Off to ha long bay tomorrow for a three day tour. After that its chiang mai and trekking fun. thats great. Laura: congratulations on the first! how are the celebrations going? sorry nt to be there. Youve got no excuses for not getting a job now... Tom: getting to u.s. 29th but plan is to head straight up to seattle to meet subtle chum. if good for you will meet you in seattle or san fran a couple of weeks later. She doesnt know it yet, but considering trying to convince matey to join us on that little roadtrip to vegas. she doesnt have a '69 chevvy but such is life - will keep you posted. Hockey rich: dont go, the doctor is sure to try something throughly evil while my intelligence division is down, i'm blinded! thatnks for th info, have a good trip. Ev Unc? I know who you are and i'll hunt you down wherever you go, foul pestilent fiend. Your secret island base will be visited shortly. papa smurf, n conjunction wiht the wombles of wimbledon common: i heard that your furry friends make good use f the things that they find. Is this true? They're the things that the everyday folk leave behind, in fact.
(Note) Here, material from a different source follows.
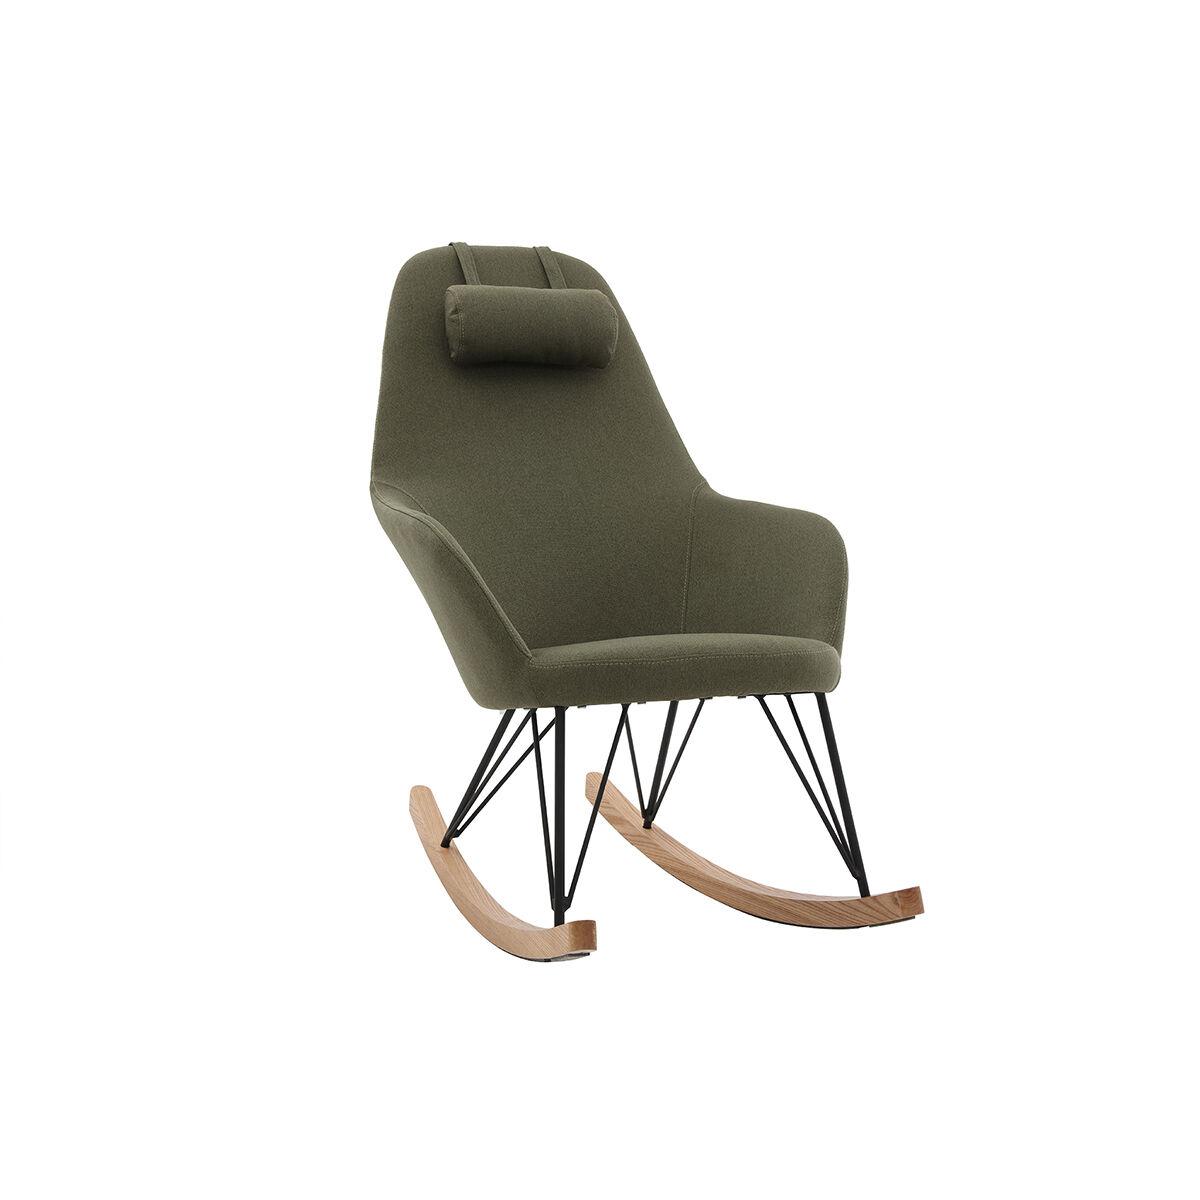 Miliboo Rocking chair scandinave kaki JHENE - Miliboo & Stéphane Plaza
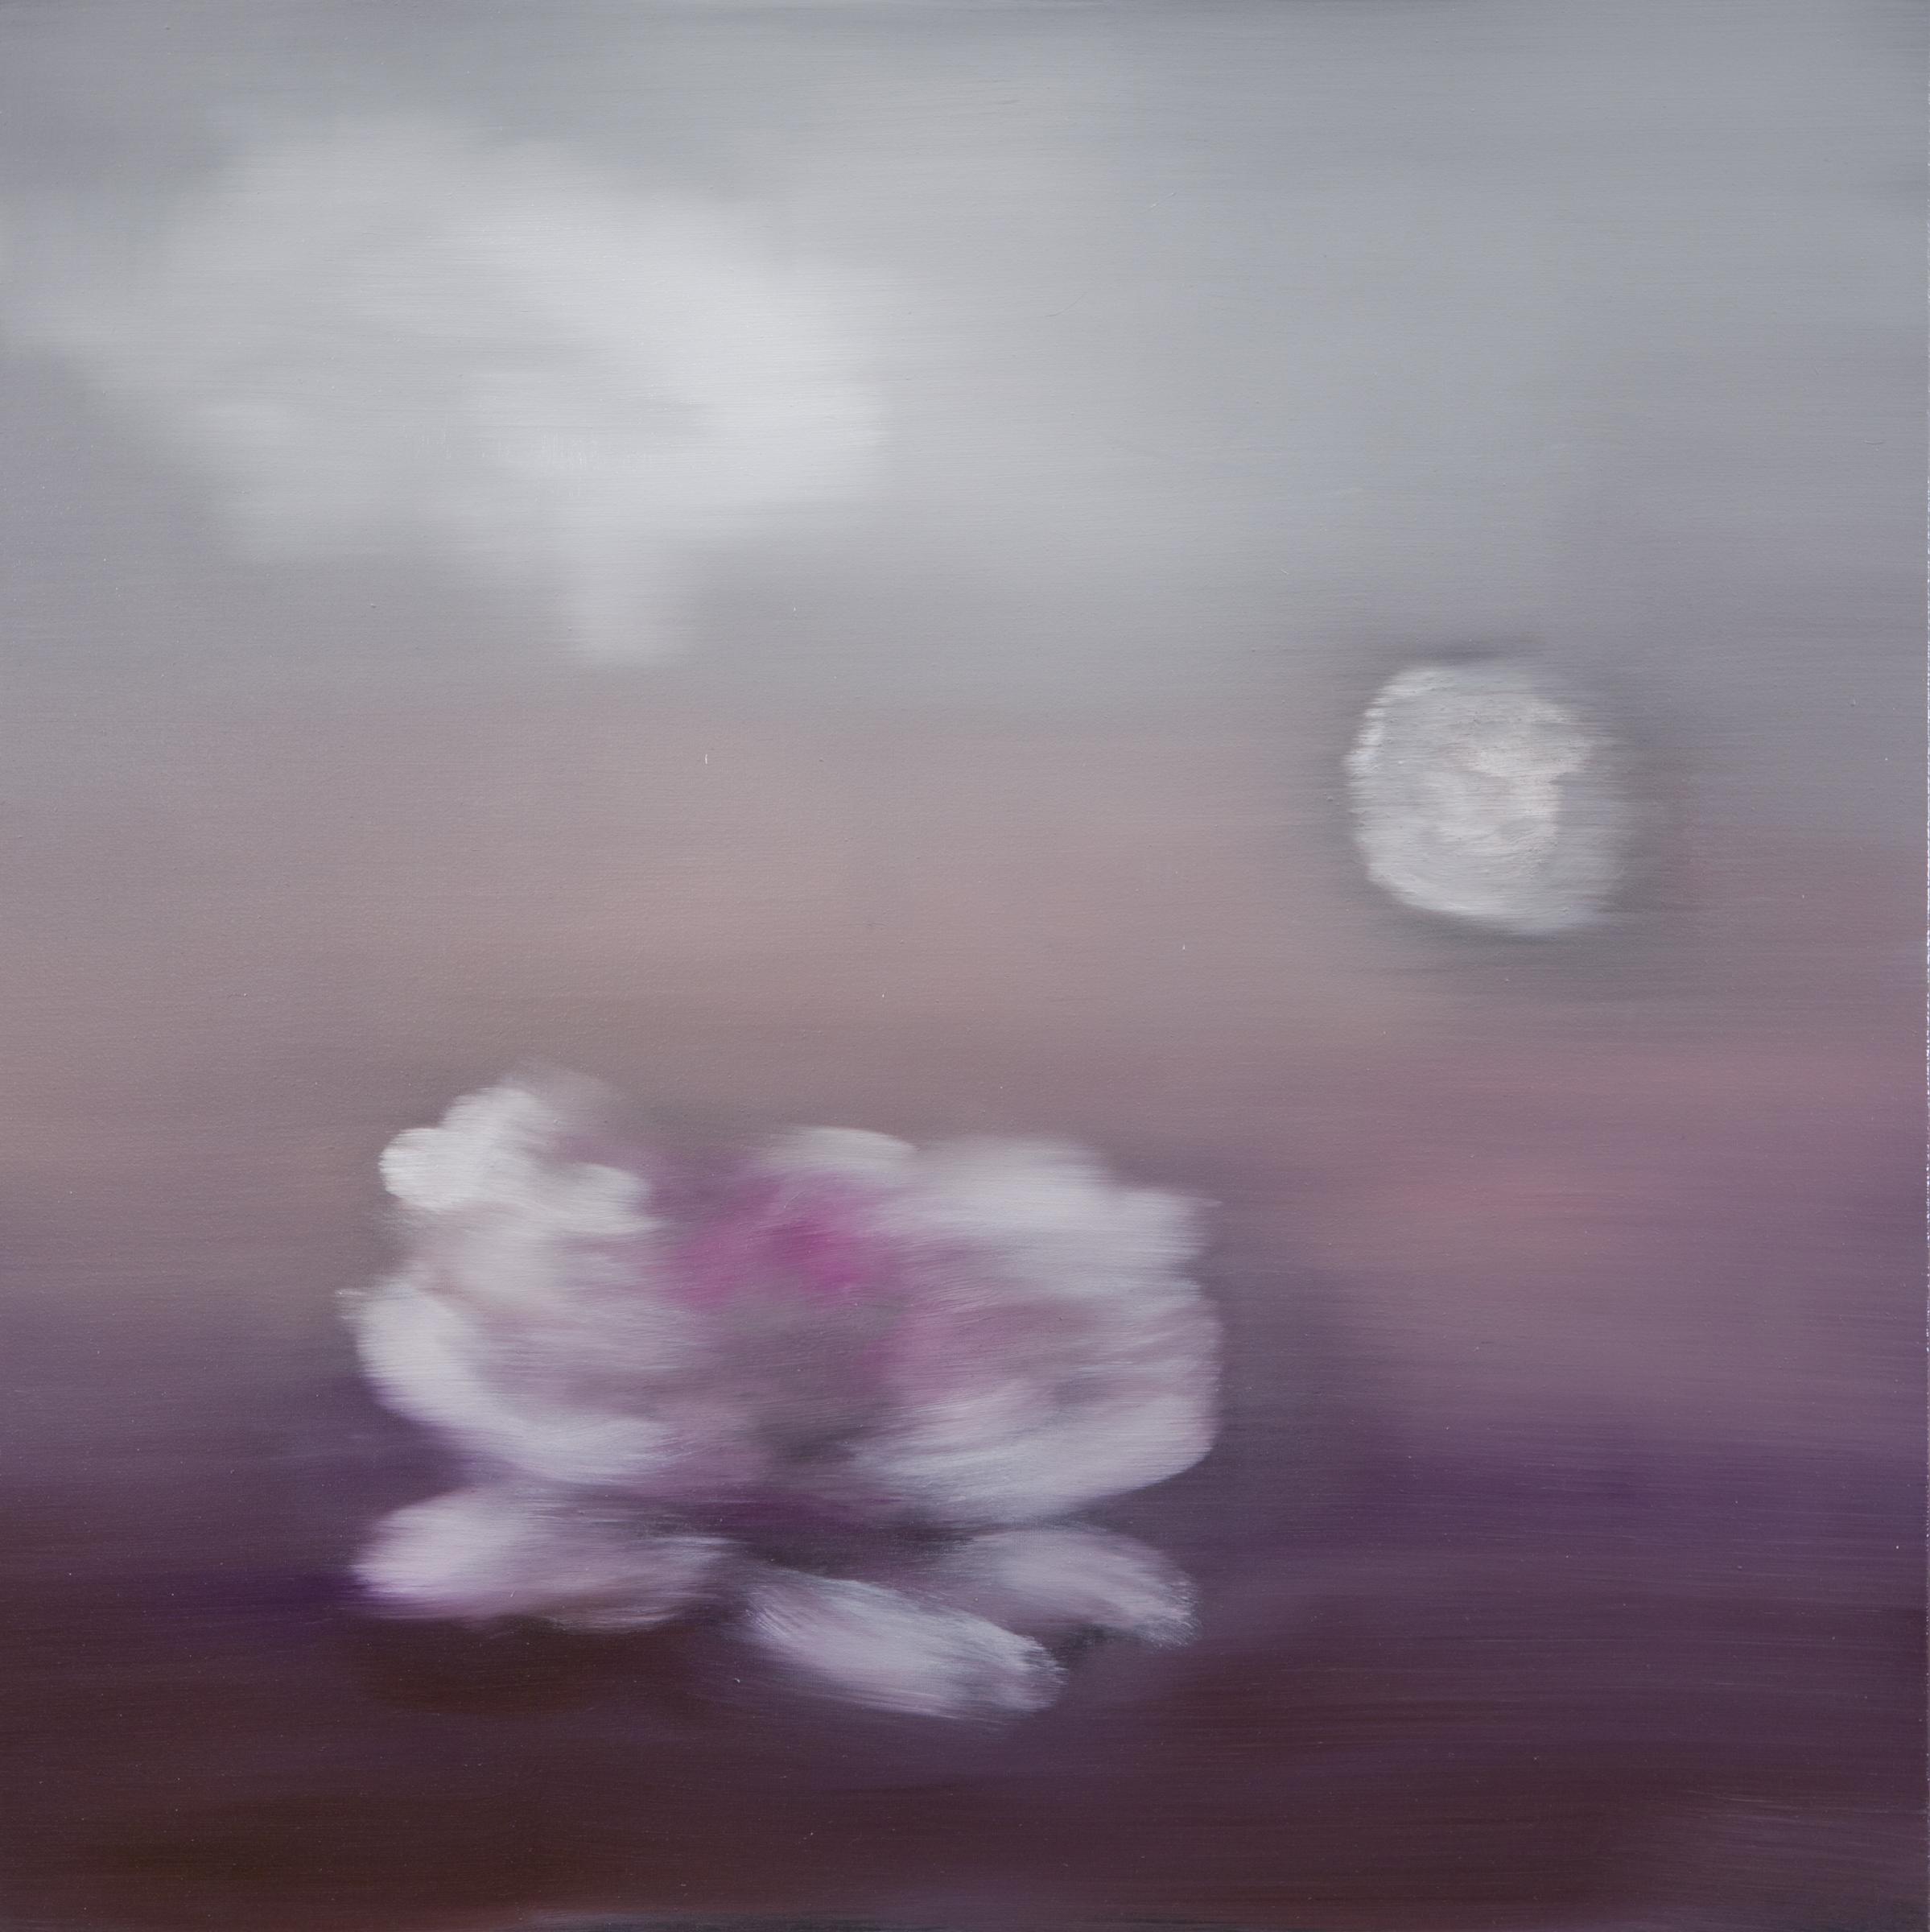 Ross Bleckner,  Untitled  2018 30 x 30 in Oil on canvas

What oh what, and heres the crucial point, would you do if you stumbled across a dirty bomb? or a fully loaded blunderbuss? or an ocatagonal frisbee. Dr. O., i dont need to remind you, is thoroughly evil and of course dirty, and therefore by no means a member of the homely term 'everyday folk.' Mum and dad and rellies in general: hello! Didnt mean too call you punks, sorry. Katy and all, everythings proceeding according to plan. if i dont get struck down by Dr O or one of his unspeakably horrid host, i'll be there on schedule. Looking forward to seeing you all! Peter C and family, if youre on: same same but different. I dont know whats happened to the north terminal, it definitely alludes to it on the ticket. Time will tell... Everyone else: probably the finest punks in the world.